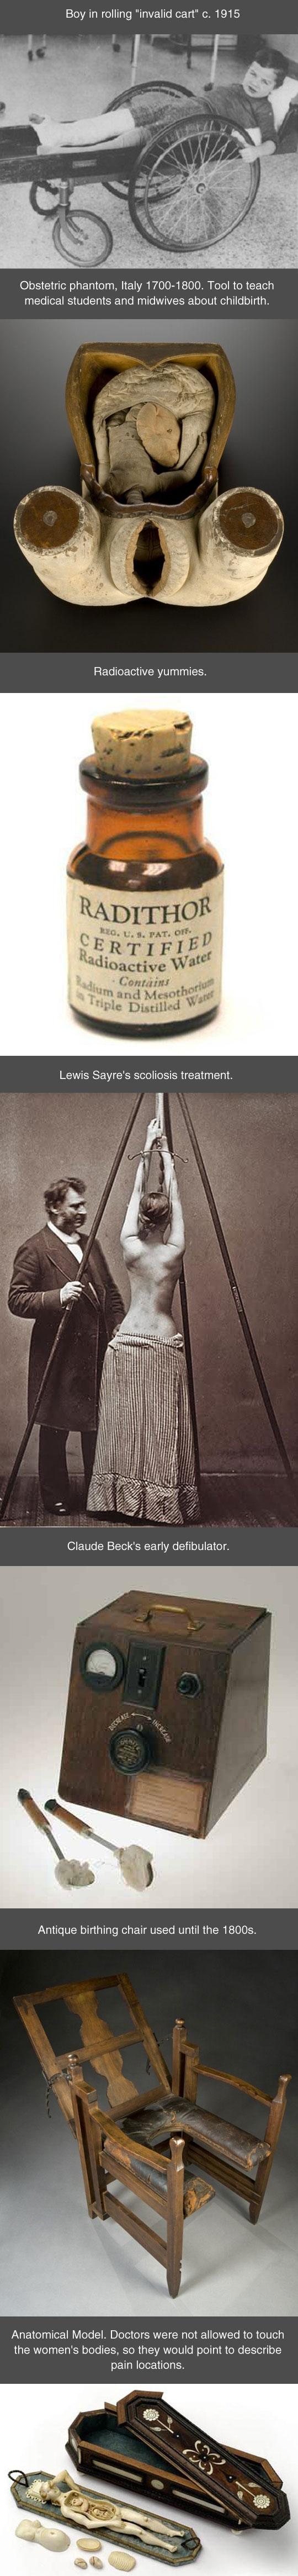 cool-old-medical-images-birth-method
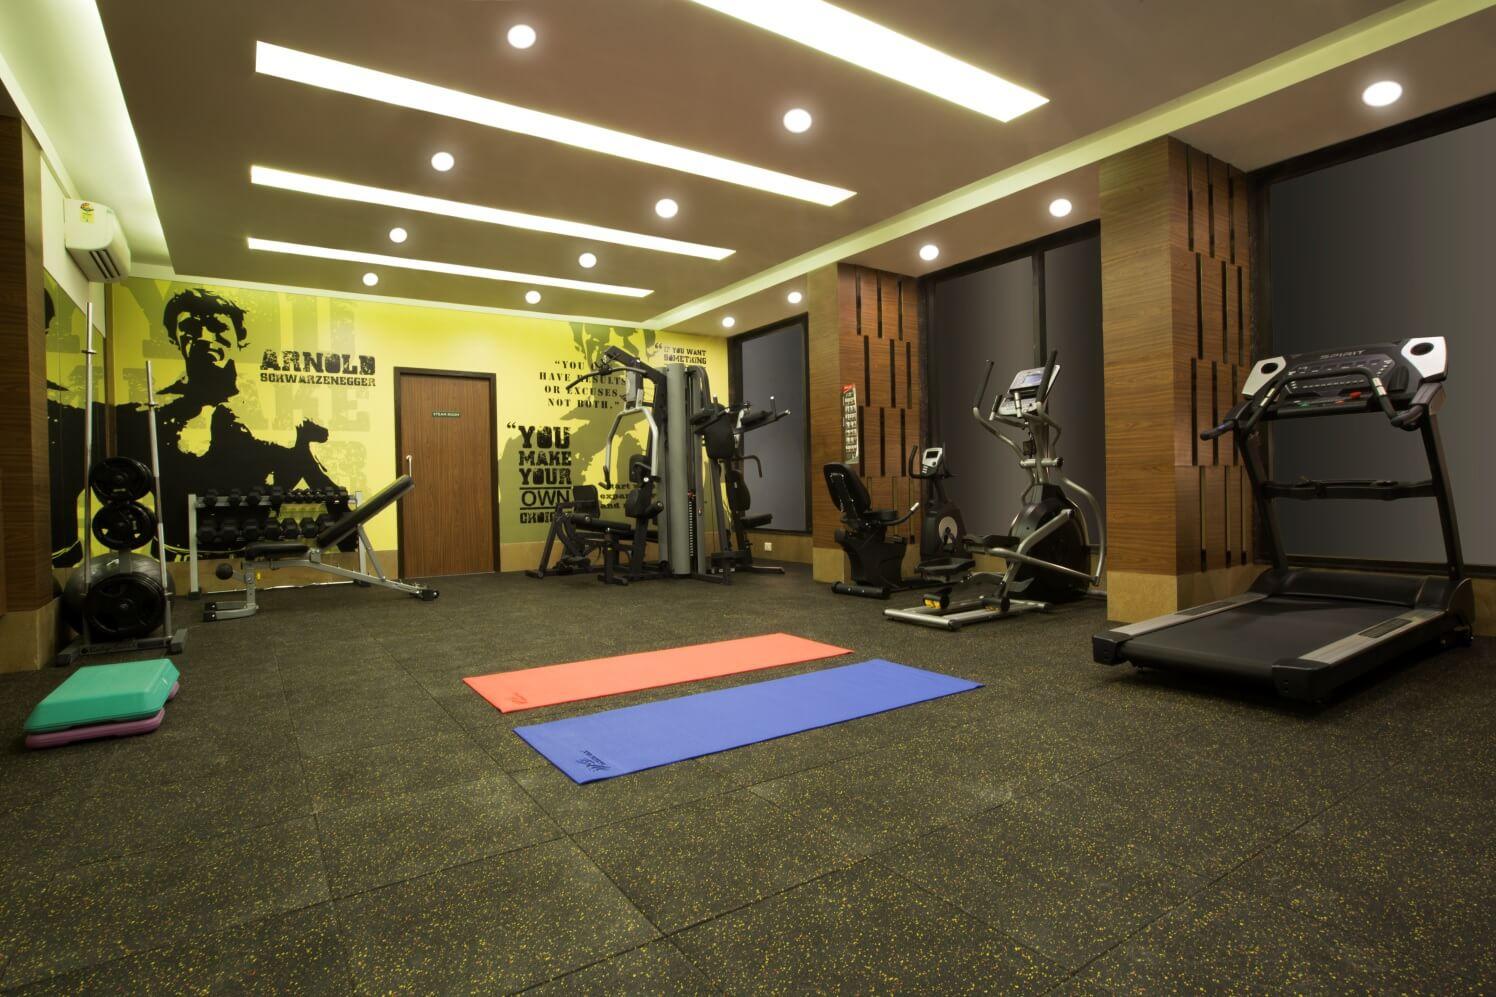 kaamdhenu celestia amenities features1
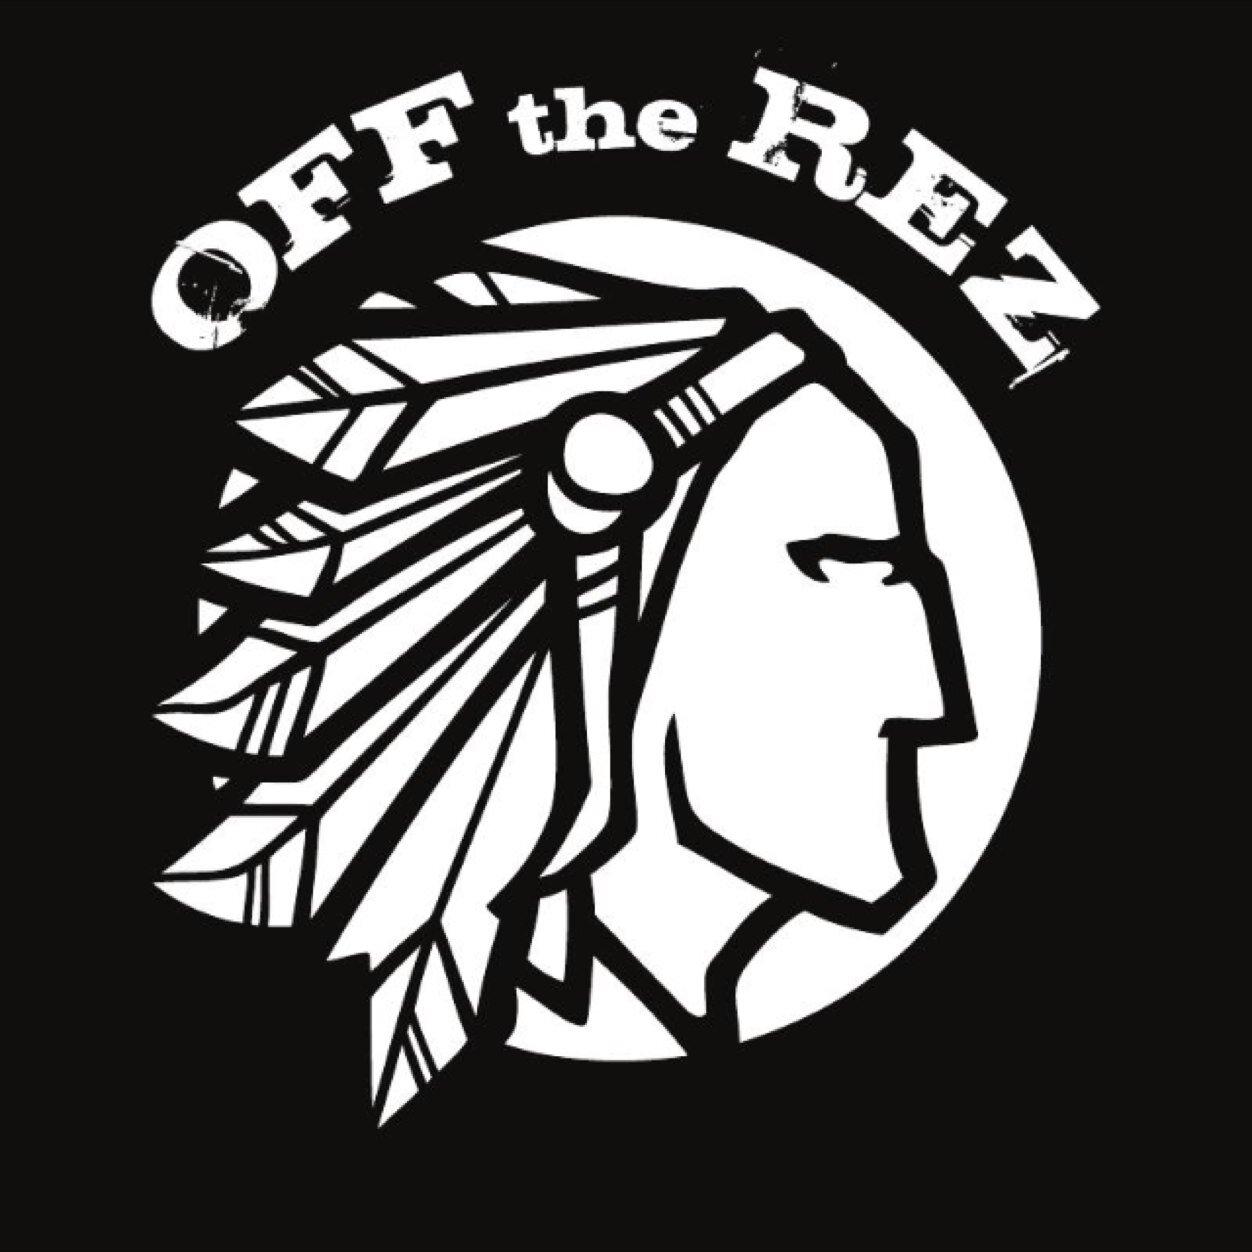 Off the Rez Truck
*-*-*
What you need to do:
Would you give the data above again word for word, skipping any images?

Answer:
 cool-old-medical-images-birth-method
 kaamdhenu celestia amenities features1
 Off the Rez Truck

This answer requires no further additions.